WORK REQUIRED — Transcribe the whole listing exactly; the images stay out.

*** DATA EXCERPT ***

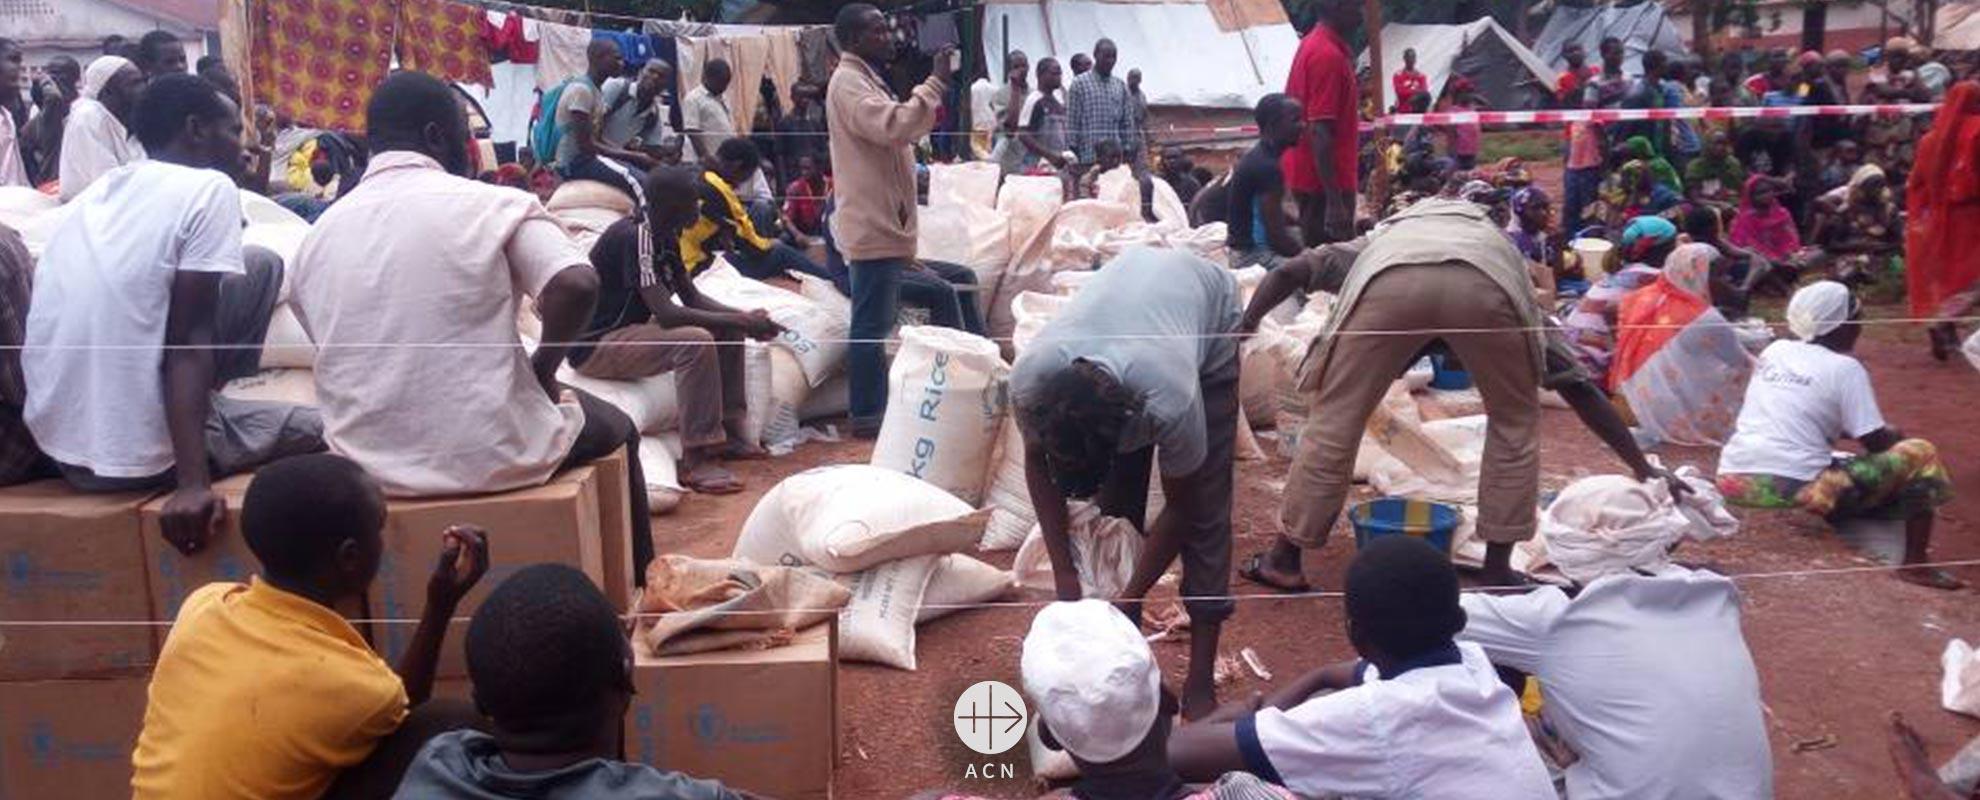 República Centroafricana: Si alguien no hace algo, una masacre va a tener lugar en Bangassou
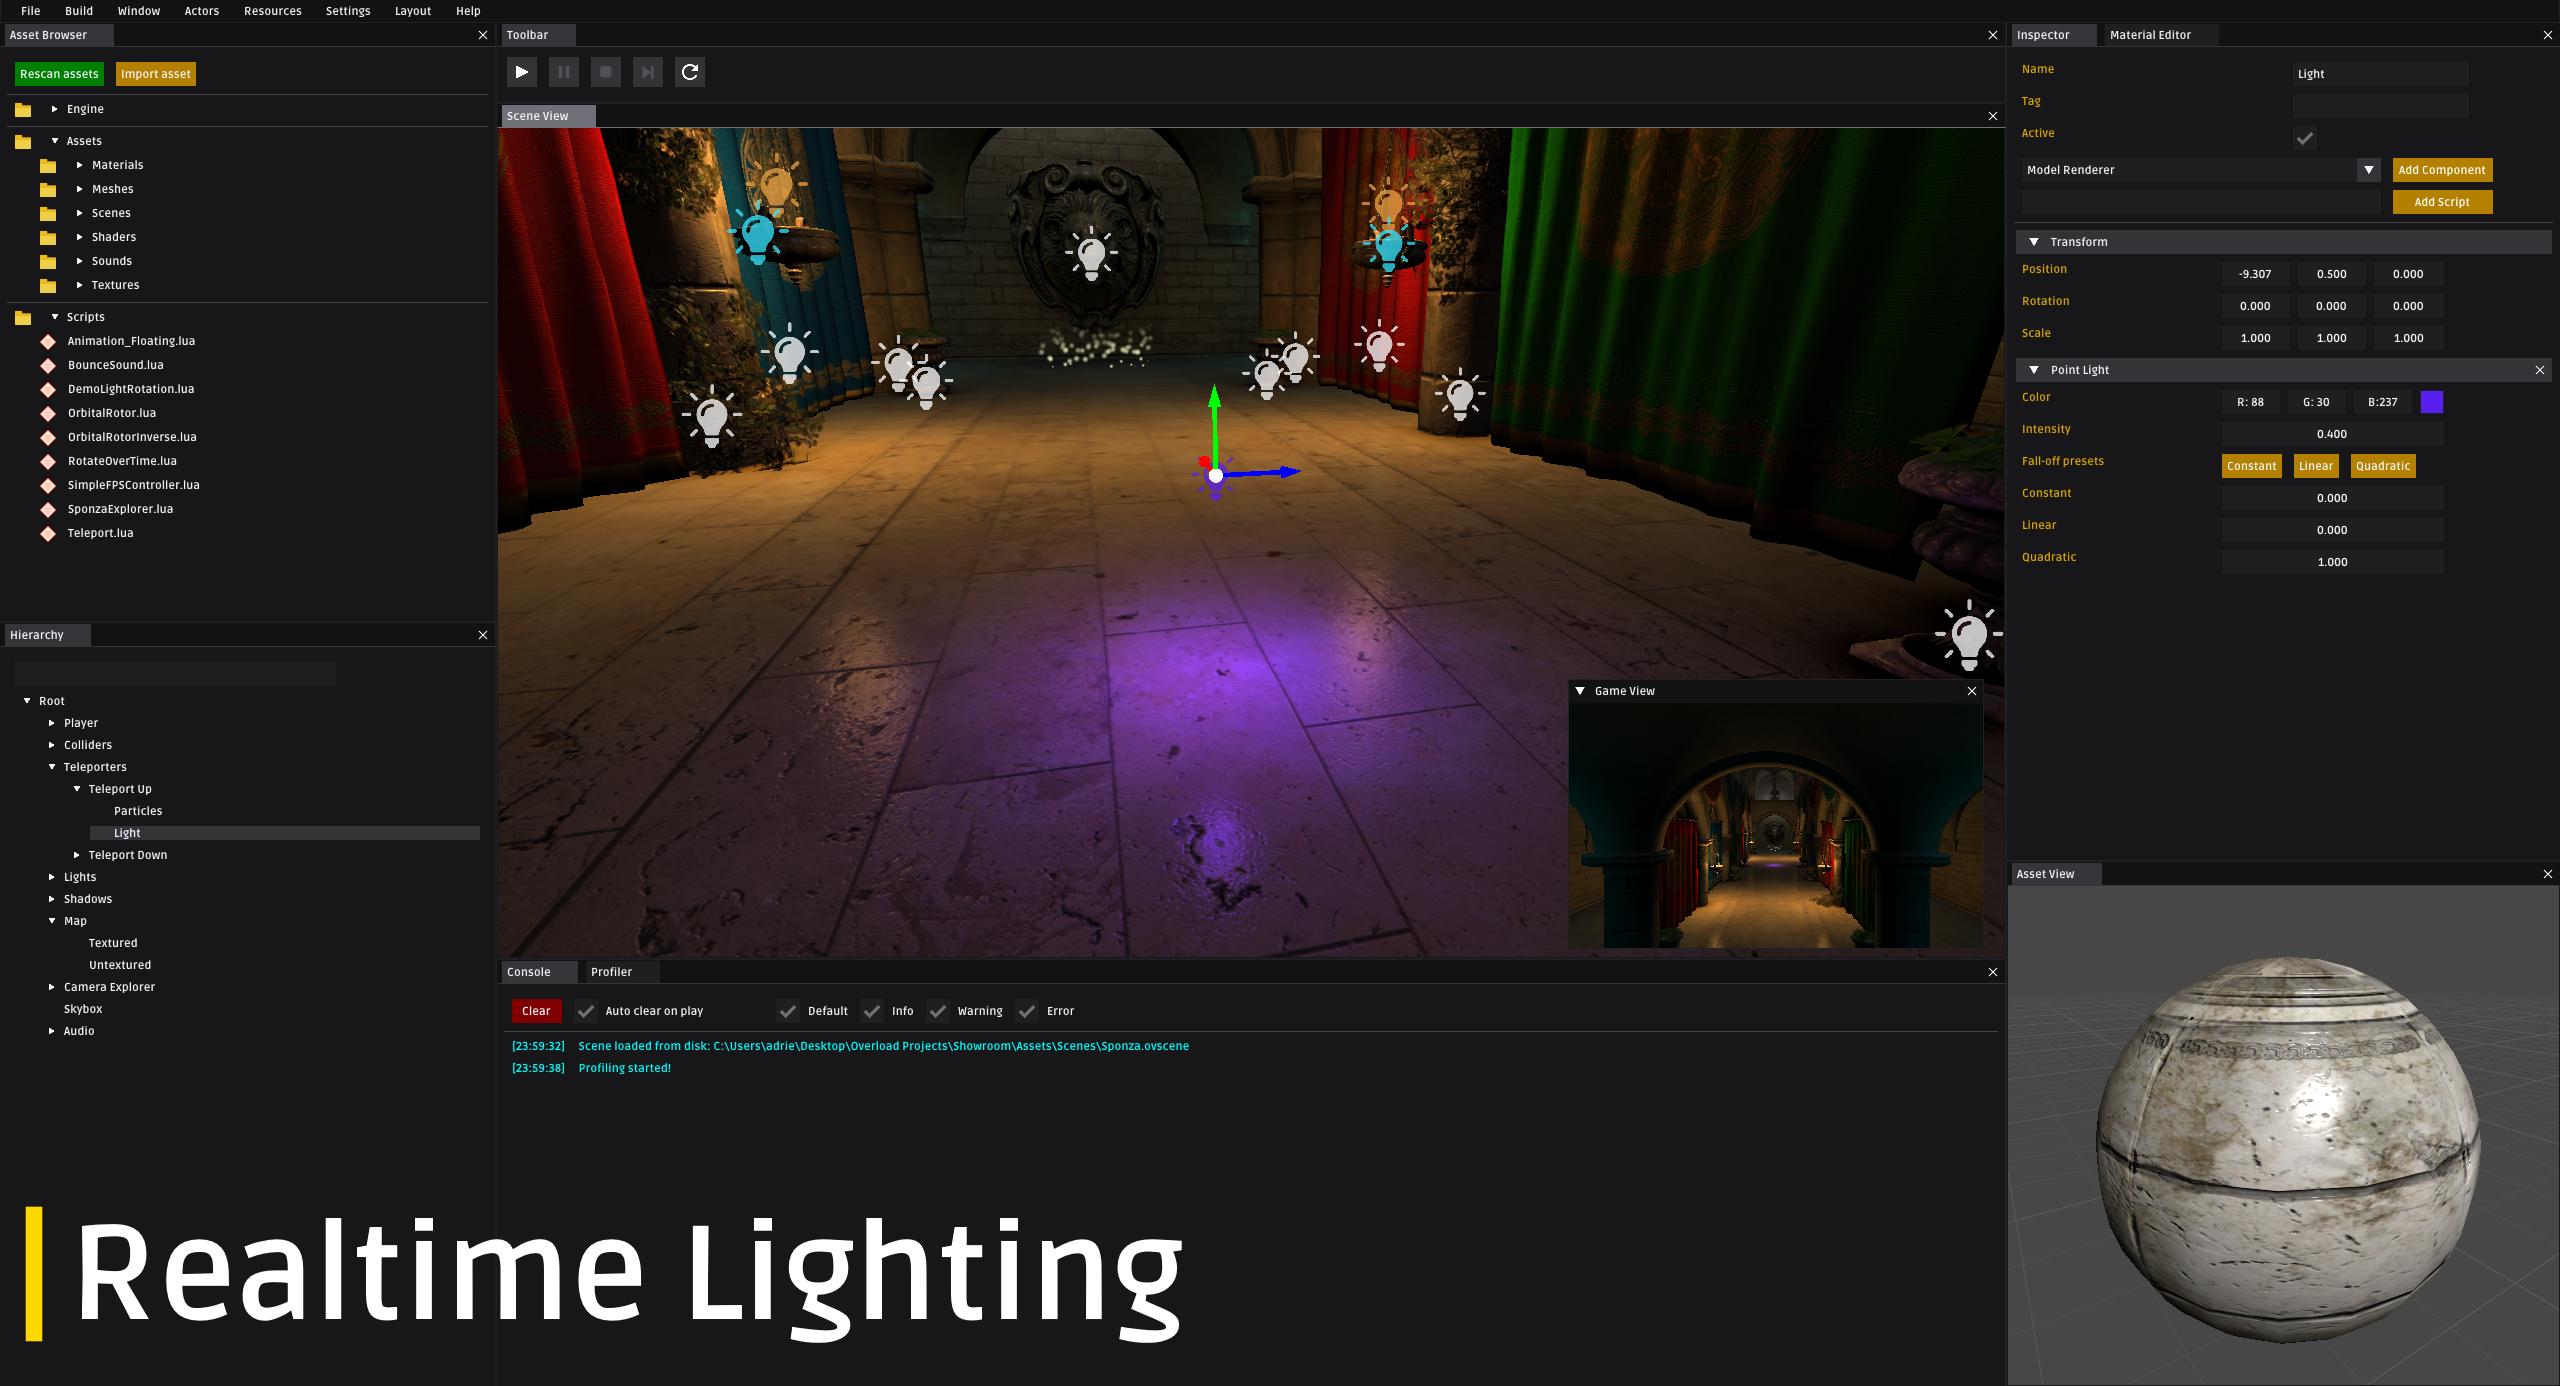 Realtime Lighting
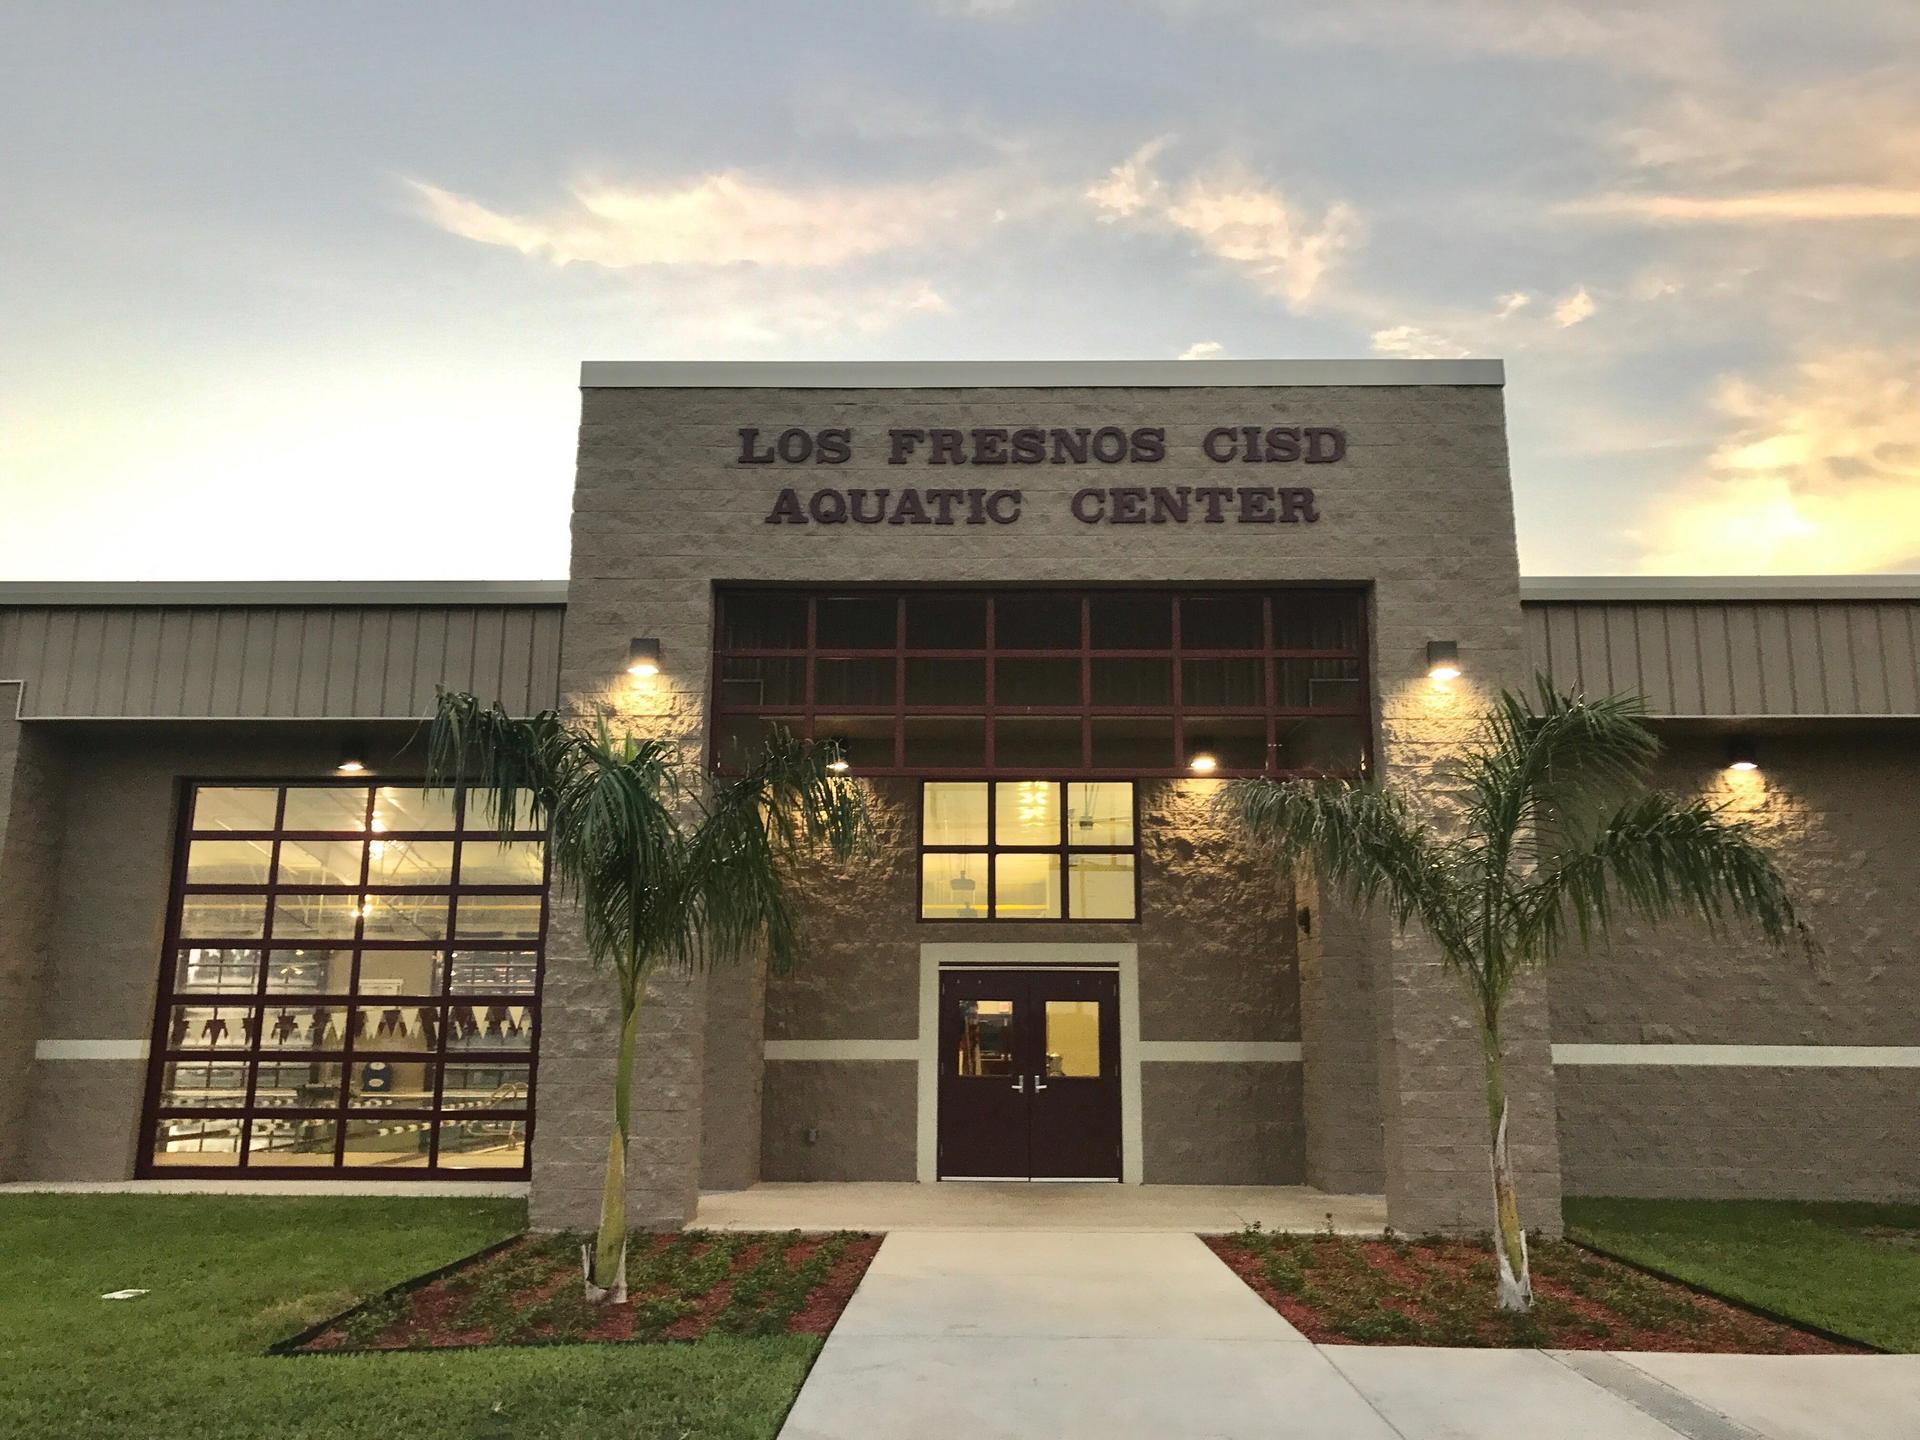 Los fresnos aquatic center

*** End of DATA EXCERPT ***

OUTPUT FOR THIS EXERCISE —
 República Centroafricana: Si alguien no hace algo, una masacre va a tener lugar en Bangassou
 Realtime Lighting
 Los fresnos aquatic center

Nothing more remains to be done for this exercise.